We cannot escape it. It flashes all over our computer screen. It inundates us with text messages. It fills our email inboxes. It monopolizes our television screens. It fills the pages of magazines and newspapers; and it gets delivered with our snail mail. The pressure to buy, buy, buy – and to apply for credit and sign up for email and text notifications. We are urged to join “exclusive” clubs that tether you to a specific store or brand – all with the message that you will be “saving” money. The blaring advertisements between the songs played on the radio, and the fund drives and pleas from the non-profits are all clamoring for our attention.
Somewhere, buried deep within our psyche, we know that spending money does not equal saving money; but we buy into the falsehood anyway. Our inner guidance is drowned out by the noise of consumerism. We are collectively being deceived and our ability to think rationally is squeezed out by constant temptation. We are literally being crushed by our own insatiable desires – desires that we may not have had before they were waved in front of our nose.
We are targeted at every turn. We cannot check out at a store without passing by numerous items that the merchant is hoping we will add to our purchase. And even when we think we are strong enough to resist, we are offered recurring shipments that promise to “save” us money.

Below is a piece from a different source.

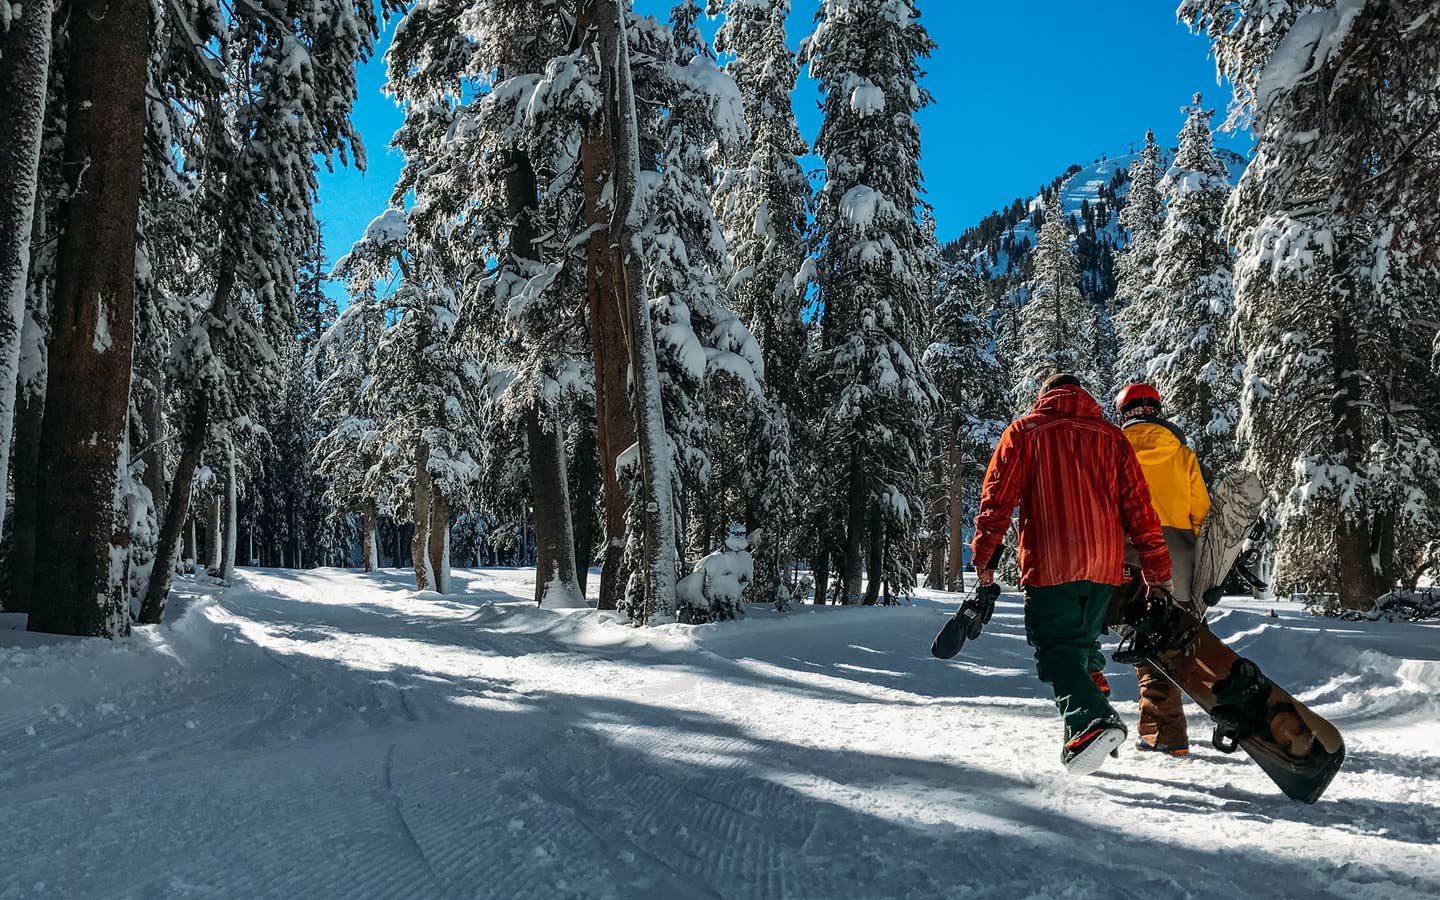 Two men walk a snow-covered trail in a pine tree forest wearing snowboarding gear and carrying snowboards.

Our own government has a 36 trillion dollar debt. Consumer debt is at an all time high. Here we are at the holidays again and how many of us will pile up still more debt and astronomical interest, ensuring us days of anxiety, sleepless nights, and poor health, even while we struggle to put food on the table. Our country cannot continue on this trajectory. Neither can we. We have lost our values. We have lost our way. Come January, our government will be making a fresh start. We will as well. It is up to each of us individually, to release the pressure and to learn to find contentment, not in things, but in life itself.